Employing phase‐field descriptions of cohesive zone placements in cohesive fracture simulations

Cohesive zone models suffer from the fundamental problem that potential crack paths must be determined beforehand. Phase‐field models for (brittle) fracture, that have recently become immensely popular, are able to naturally handle essentially arbitrary crack patterns. However, due to their energetic nature, phase‐field approaches have difficulties to predict, for example, crack nucleation in consequence of their lack of strength criteria which are naturally incorporated in the cohesive zone model. In this contribution, an alternative approach is presented that allows the embedding of established (cyclic) cohesive laws into phase‐field modeling.

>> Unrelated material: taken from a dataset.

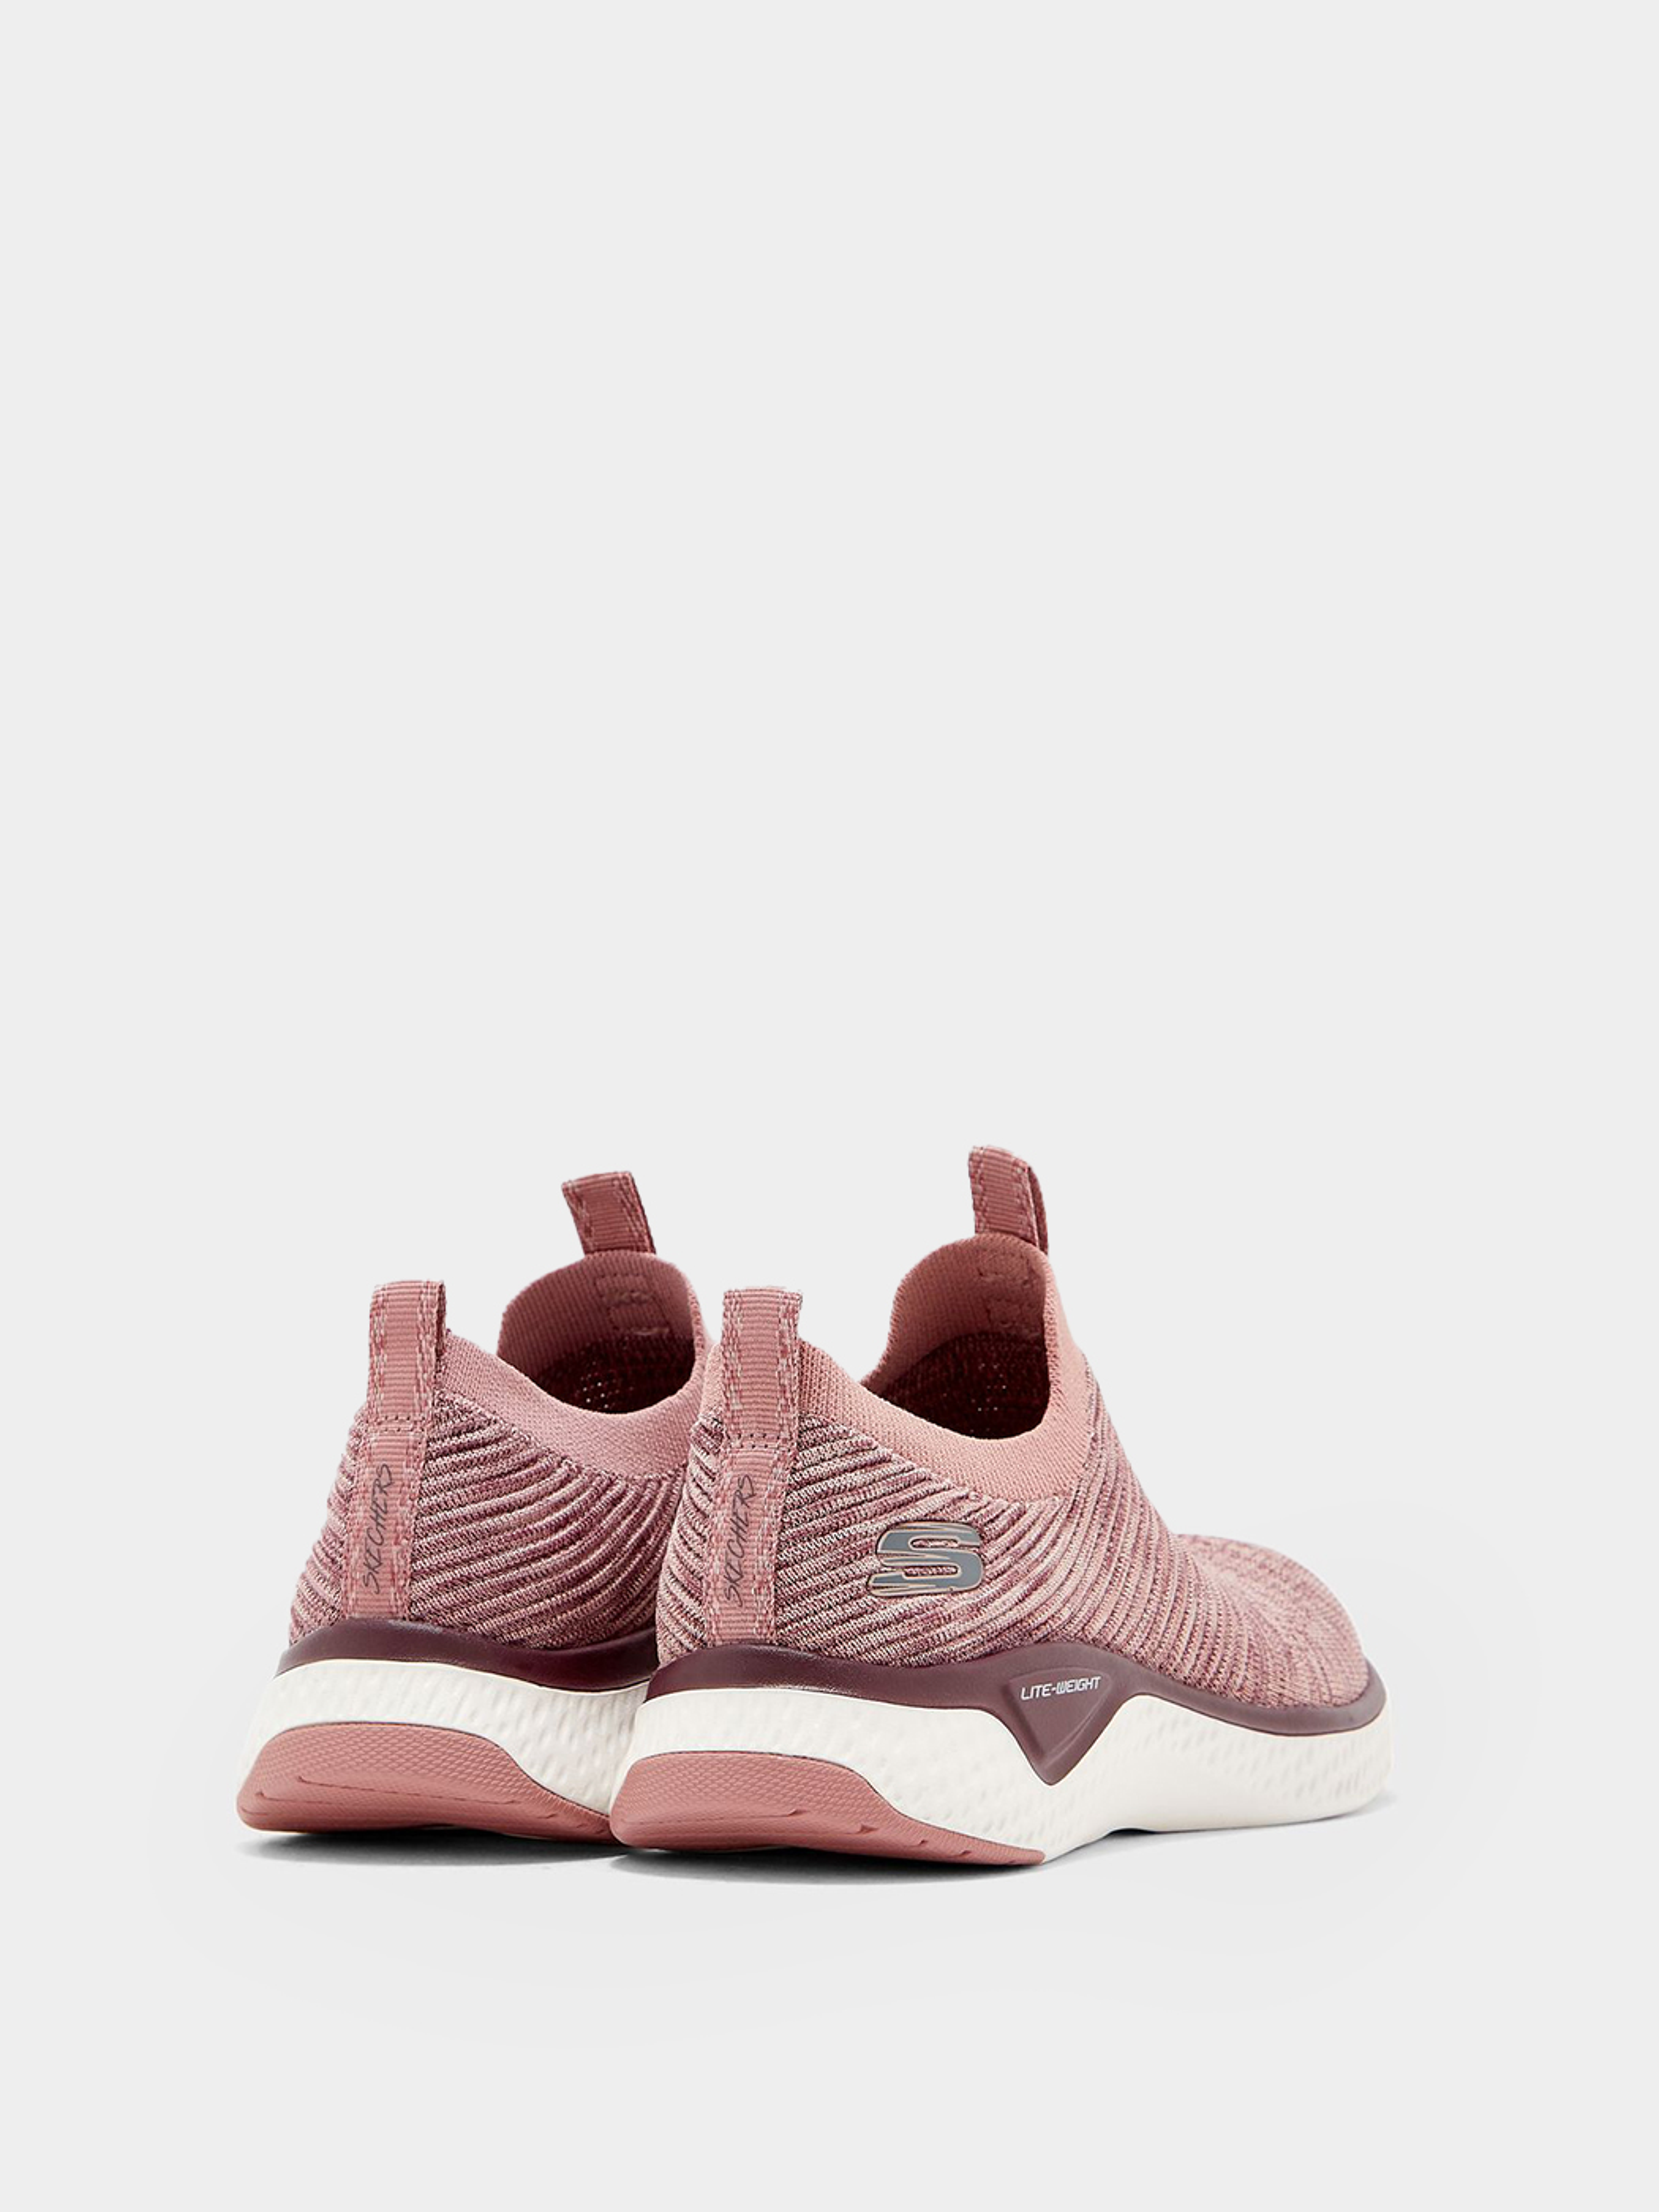 Кроссовки для женщин Skechers KW5165 стоимость, 2017

Our work is conceptually in line with the ideas proposed by Verhoosel and de Borst in 2013. Since this novel approach to cohesive fracture is still in its infancy, many open challenges remain, of which the following are addressed in this article: (i) A strict separation between the description of the cohesive zone and the cohesive law itself is realized, (ii) the interplay between the different physical length‐scales inherent to the formulation is carefully investigated in order to quantify the parameters introduced in the phase‐field description, and (iii) an alternative finite element treatment is proposed, implemented, and tested that avoids spurious solutions for unstructured meshes. In this context, fatigue crack growth is simulated as a quantitative benchmark problem relevant to engineering applications.